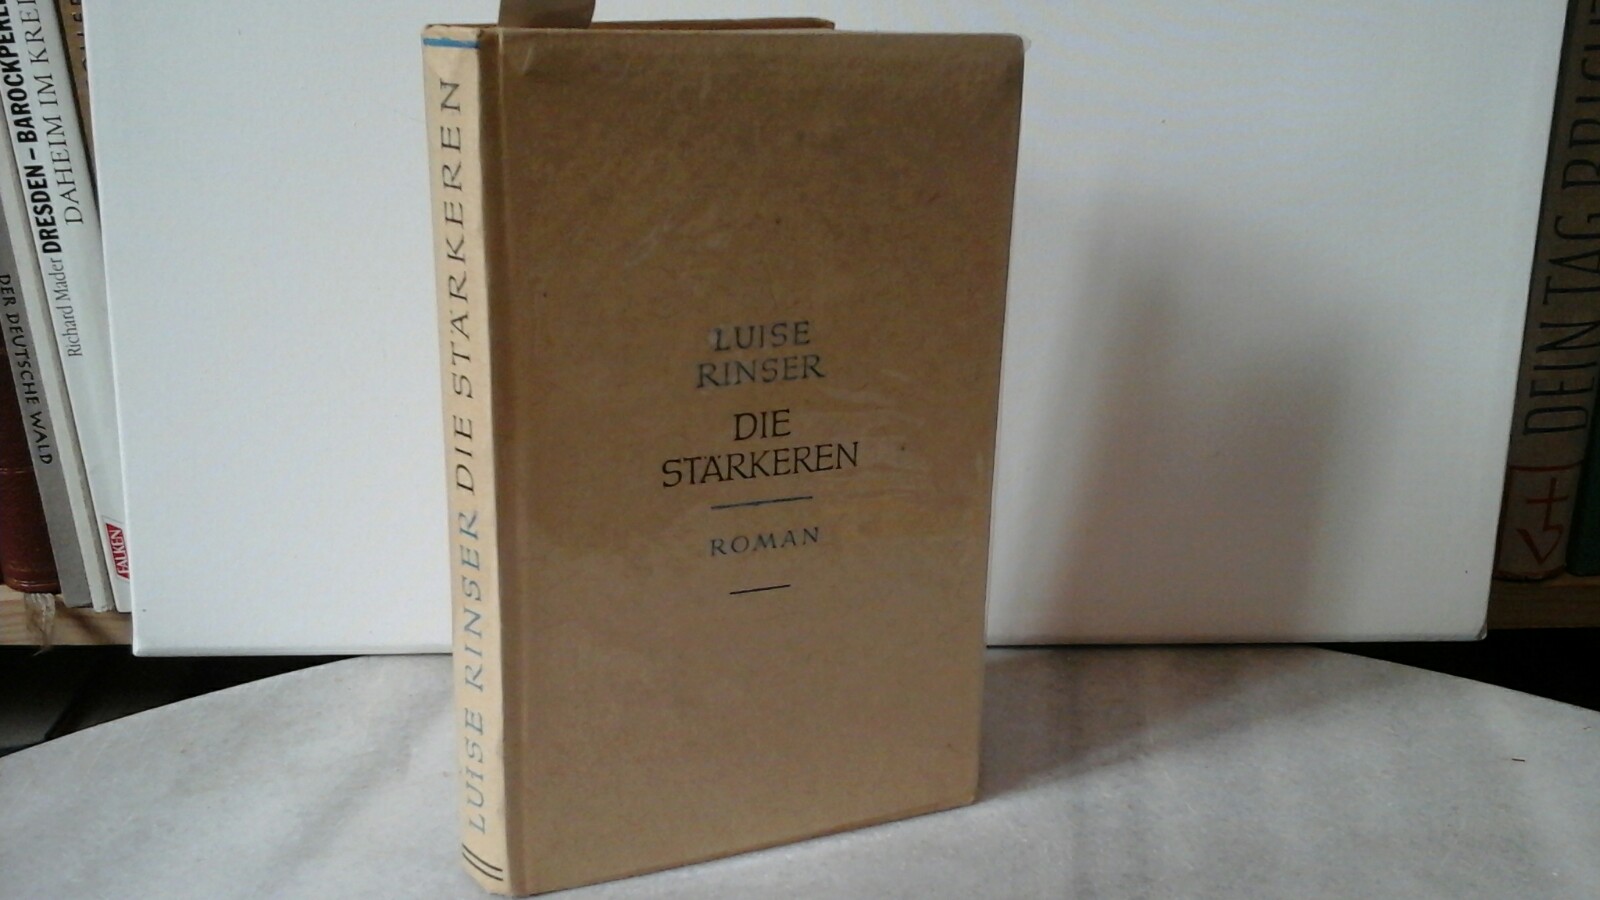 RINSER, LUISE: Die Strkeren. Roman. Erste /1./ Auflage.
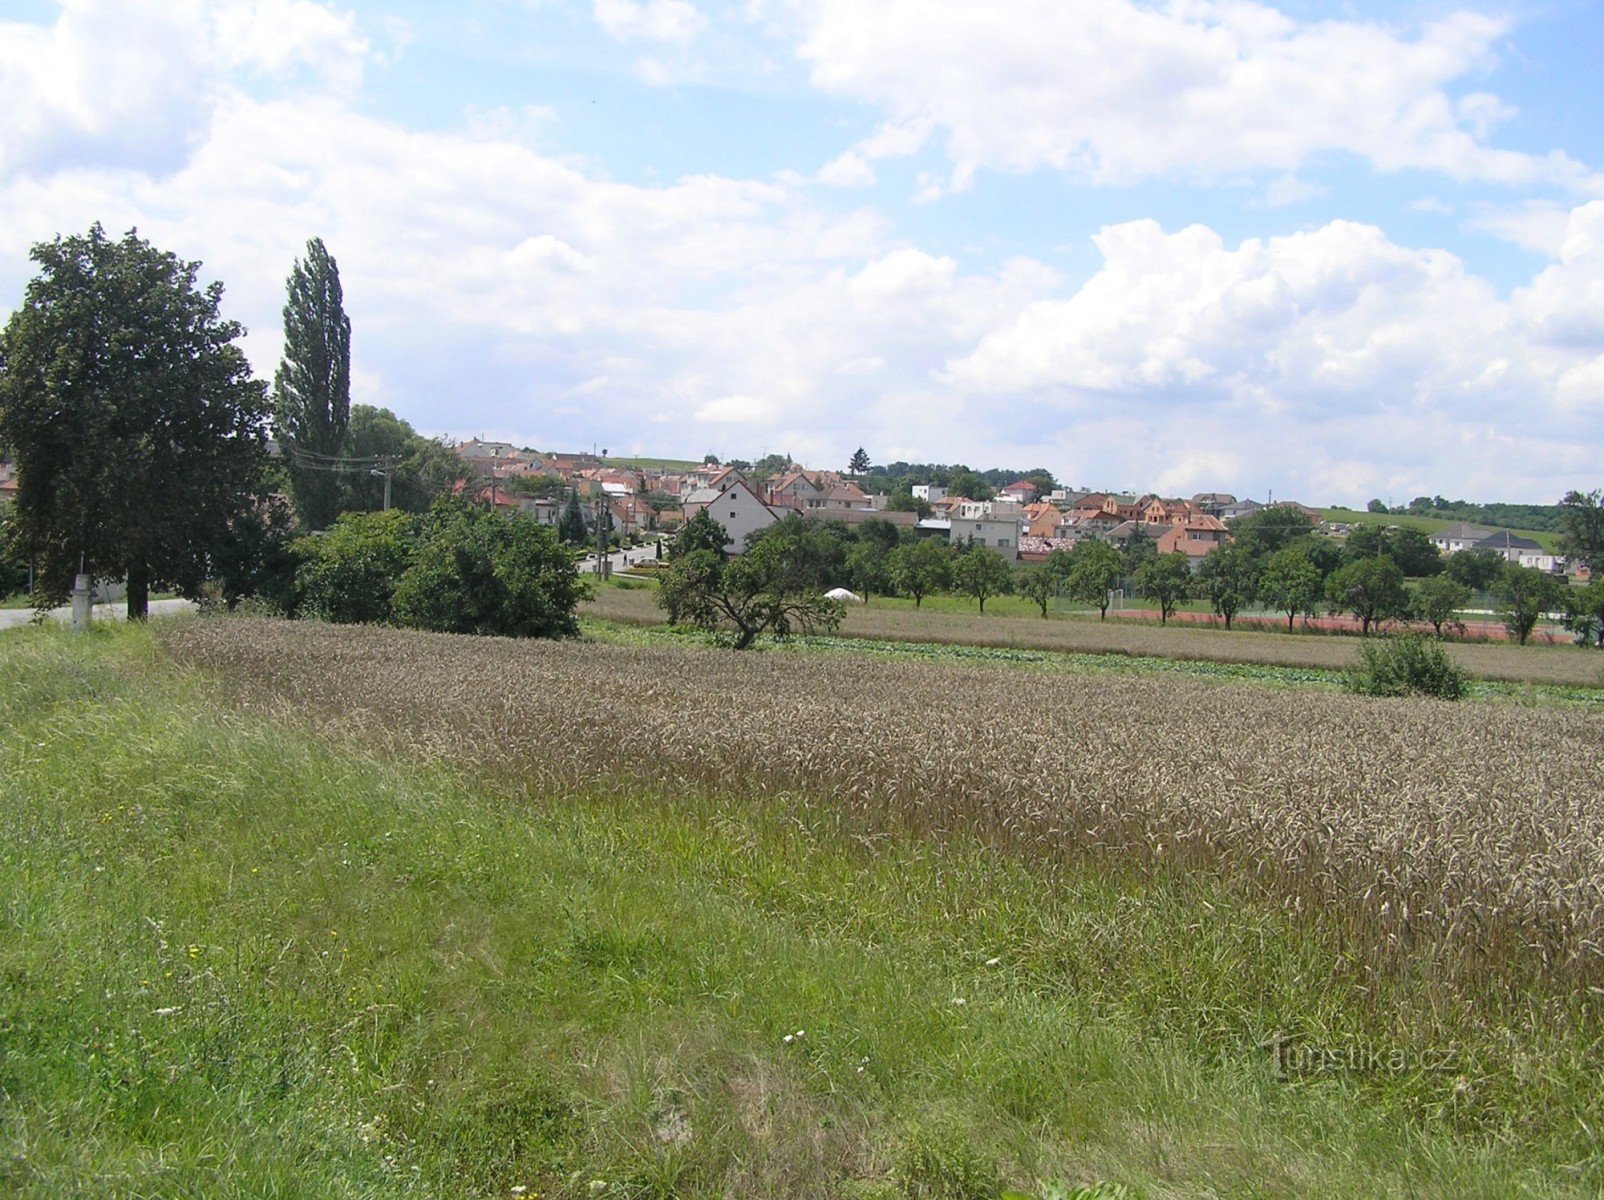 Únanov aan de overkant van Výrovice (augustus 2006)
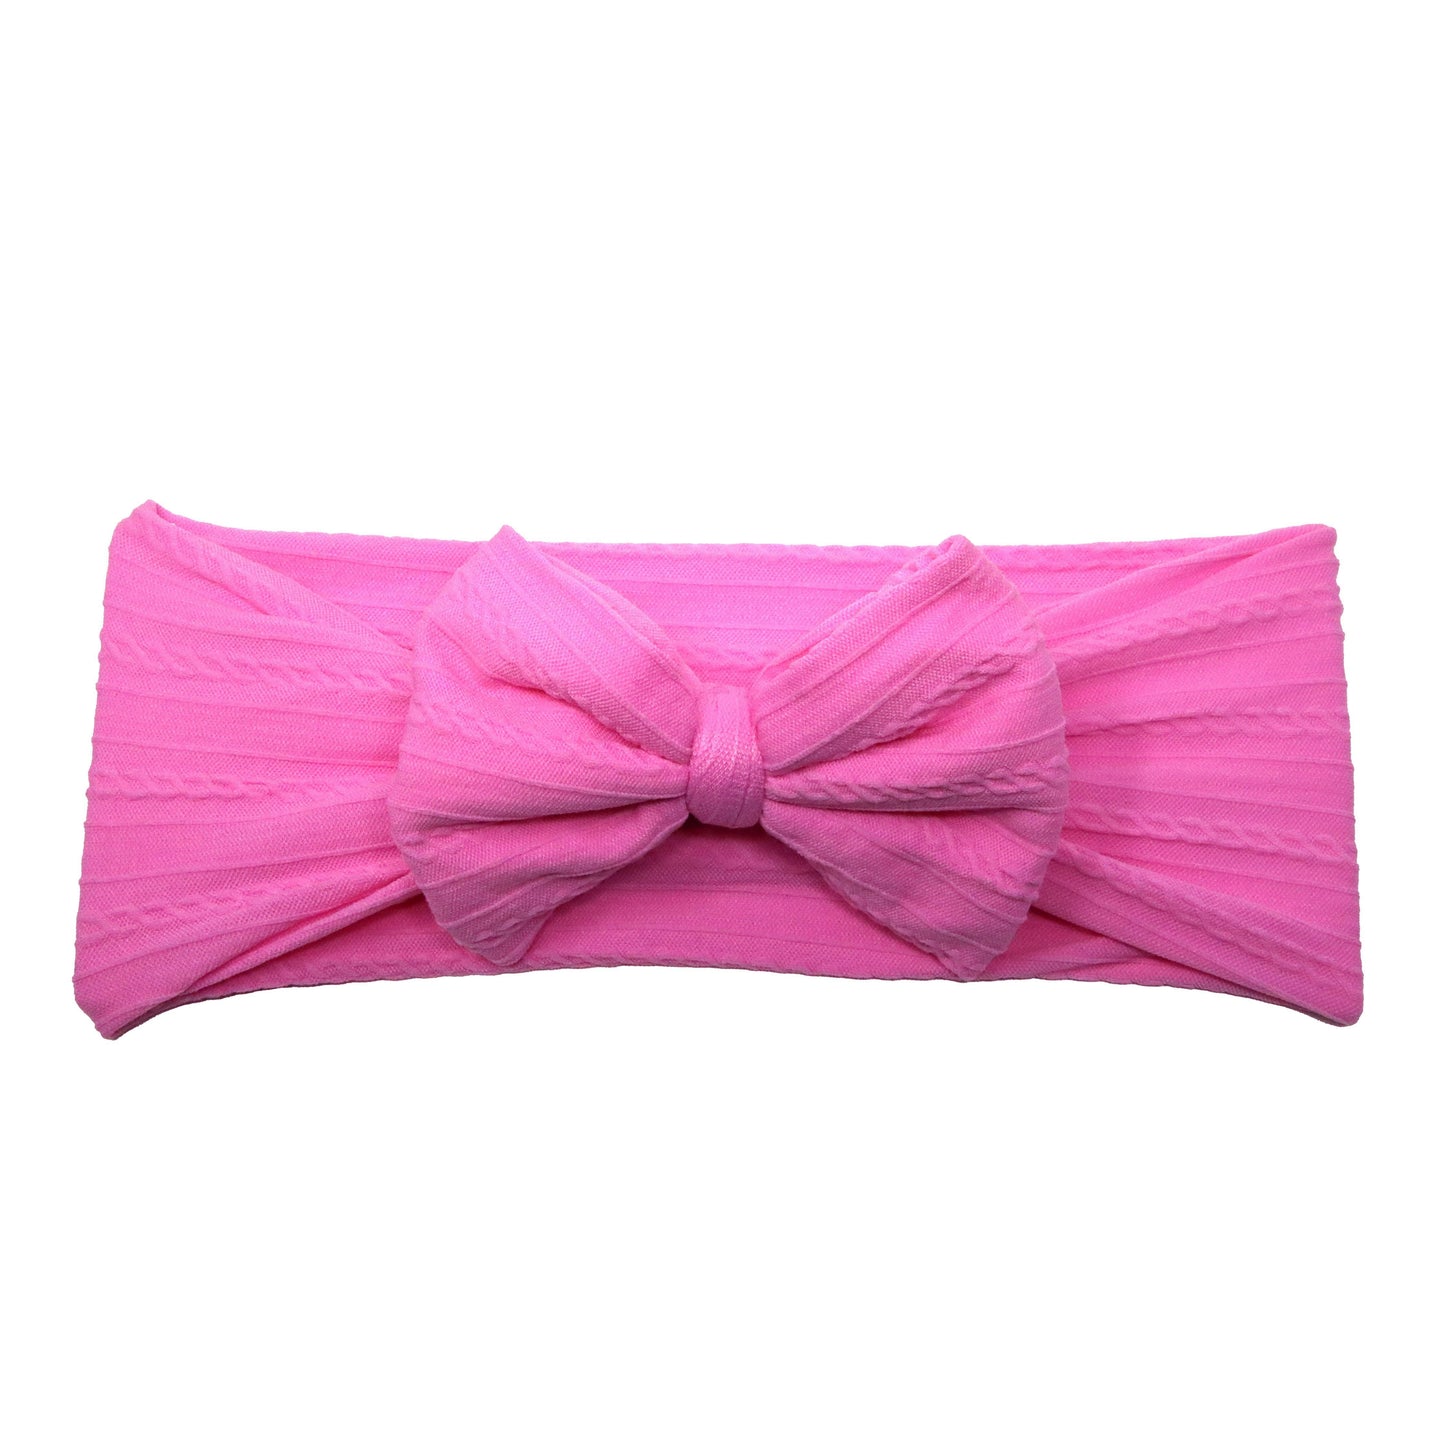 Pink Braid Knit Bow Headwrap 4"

Description of the task: When you copy the data, keep every line exact and leave out each picture.

Output for this exercise:
 RINSER, LUISE: Die Strkeren. Roman. Erste /1./ Auflage.
 Únanov aan de overkant van Výrovice (augustus 2006)
 Pink Braid Knit Bow Headwrap 4"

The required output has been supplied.